Jakarta – Statistics Indonesia (BPS) announced early this week a 1.17 percent headline inflation in September on a month-to-month basis – the highest since December 2014 – and 5.95 percent year-to-year inflation, while core inflation was 3.21 percent on a YOY basis.
However, the September inflation had not fully absorbed the second round impact of the energy price-hike earlier that month on other goods and services, notably on labor wages. The inflation could rise even higher if the rupiah continues to depreciate, thereby increasing imported inflation with all its multiple negative repercussions on the economy.
Therefore, we will mostly live in a high-inflation episode at least until the first half of 2023 due to the supply shocks to the energy and food sectors and demand-pull price hikes, with headline inflation predicted at between 6.3 and 6.5 percent and core inflation at over 4.5 percent at the end of this year.
But the duration of the current inflation episode will still depend on the supply chain bottlenecks, the central bank response, the duration of the war in Ukraine and its impact on energy and food prices and global growth.
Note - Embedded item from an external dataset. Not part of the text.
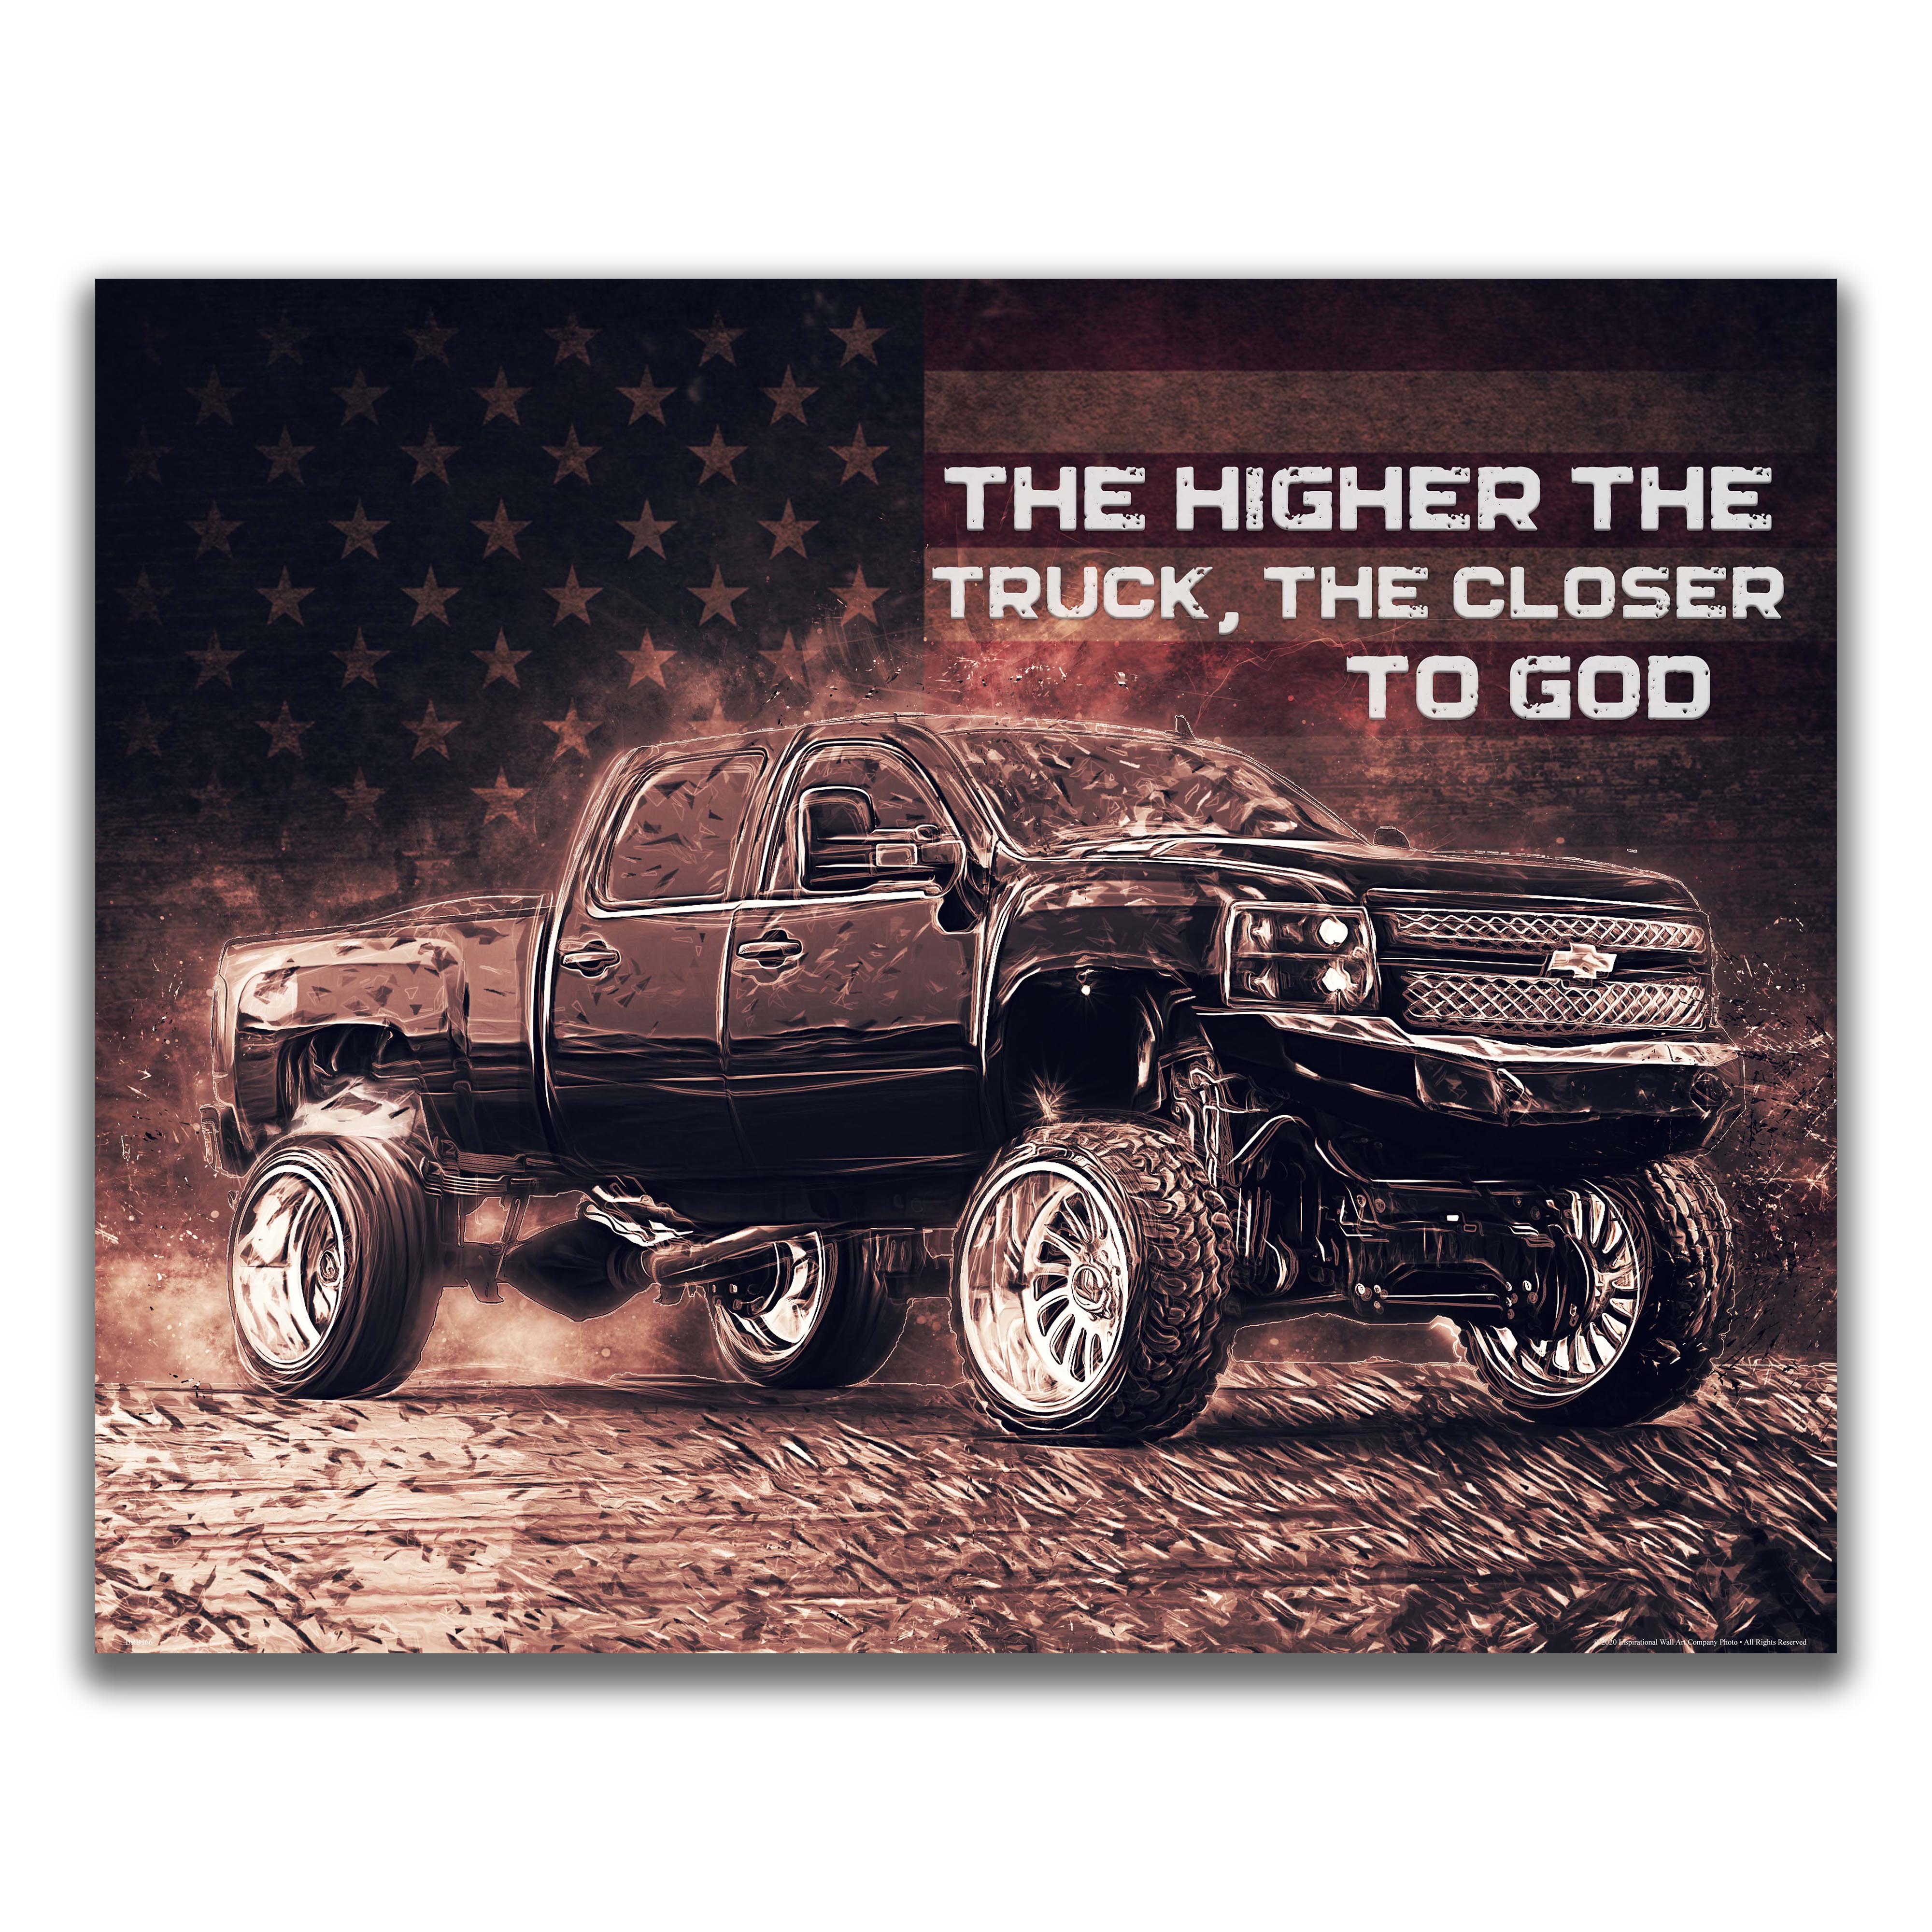 Higher The Truck The Closer to God - Truck Poster
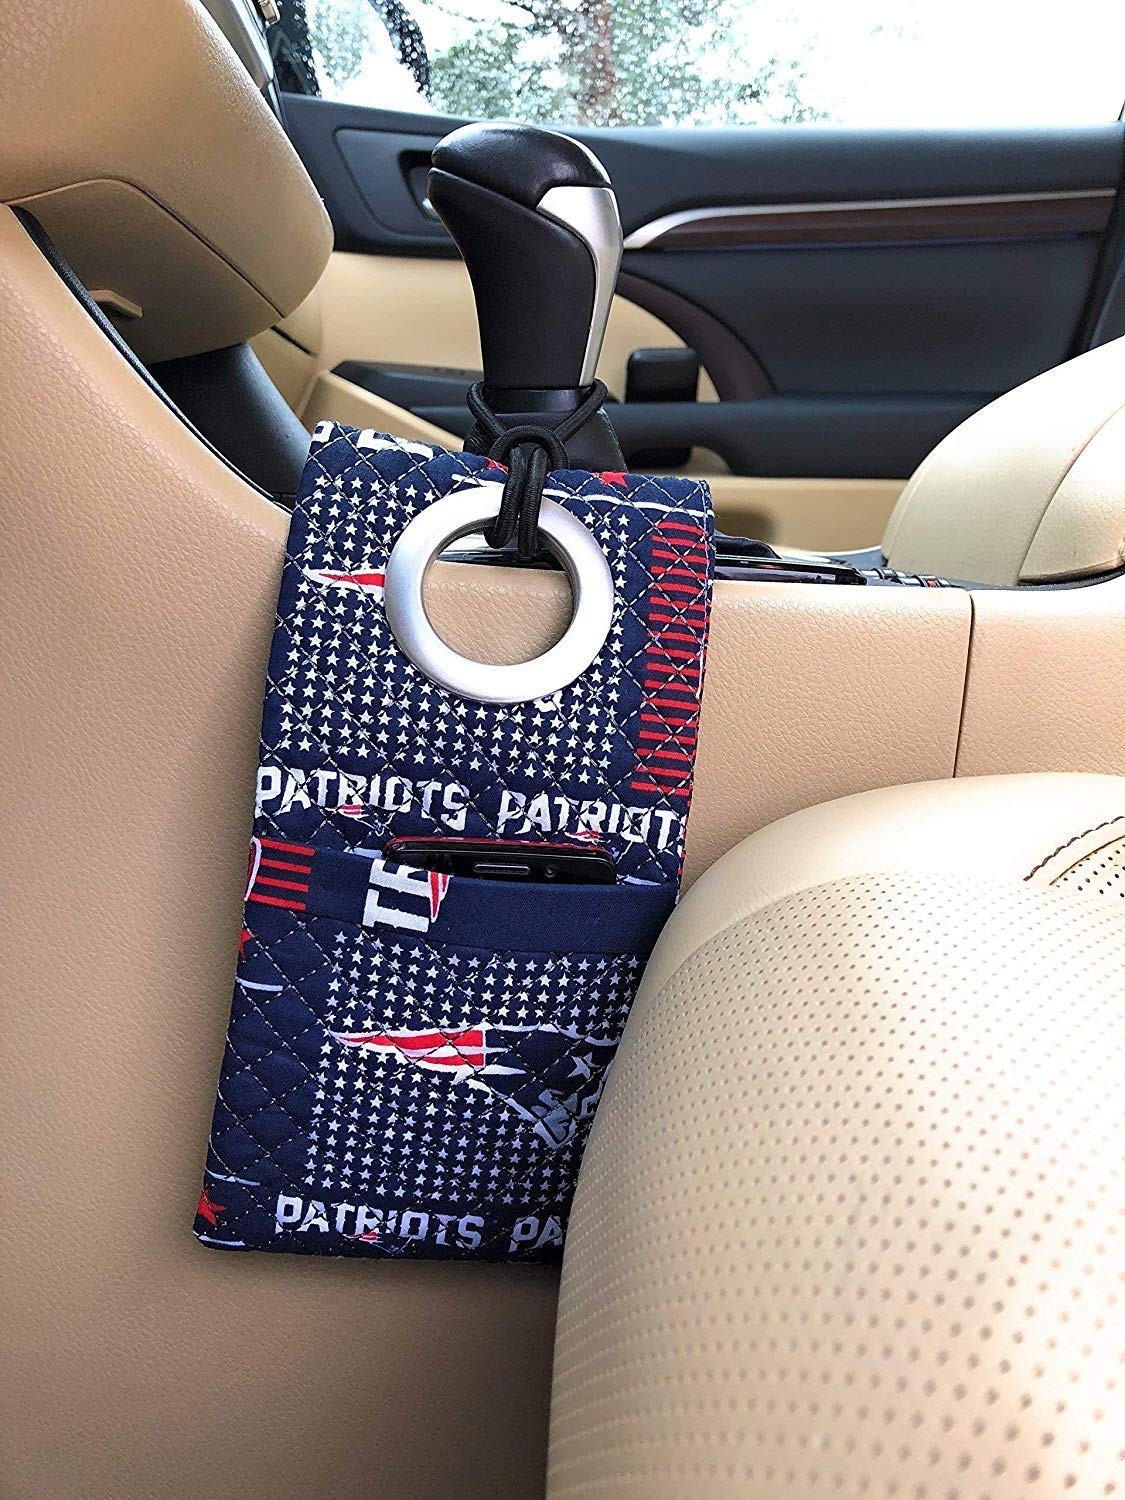 New England Patriots Car Accessories Patriots Gear for Men Remote Control Holder NFL Personalized Fa

Given the nature of the shocks, with hits coming from both the demand and supply side, Bank Indonesia (BI) faces a dilemma. If BI is too aggressive in money tightening to check inflation, that measure may sabotage the post-pandemic recovery and put pressure on income because economic growth is primarily driven by private consumer spending.
But if the central bank is too dovish, maintaining the policy rate way below the United States rate, especially if the US Federal Reserve continues its aggressive money tightening to reach what it considers as its terminal rate of 4.6 percent, the rupiah will come under tremendous pressure.
BI raised its policy rate by 50 basis points to 4.25 percent last month a few days after the Fed increased its rate by another 75 basis points, its third in a row since March to a range of 3-3.25 percent at present. Most analysts said BI still has room for a rate hike up to 6 percent.
Even though BI has pronounced that it will tie its policy rate primarily to core inflation, the central bank has a track record of raising its rate five times from 4.5 percent in May, 2018 to 6 percent in November 2018 to follow the Fed rate hikes even though our core inflation was 2.70 percent and headline inflation 3.23 percent at that time. The rate hike was made mainly to stabilize the rupiah which depreciated from Rp 13,800 to over Rp 15,000 to the US dollar.
How narrow indeed is the path that policymakers have to navigate. The current situation requires a comprehensive set of demand and supply side measures. On the demand side, a monetary policy must be employed consistently to restore, in a timely manner, price stability. Fiscal policy needs to prioritize medium-term debt sustainability while providing support to most vulnerable groups.
Fortunately, world-wide concerns over a global economic recession have dampened the propensity of consumer spending, pushing down the prices of most commodities, notably energy. This trend alone will significantly influence the behavior of inflation.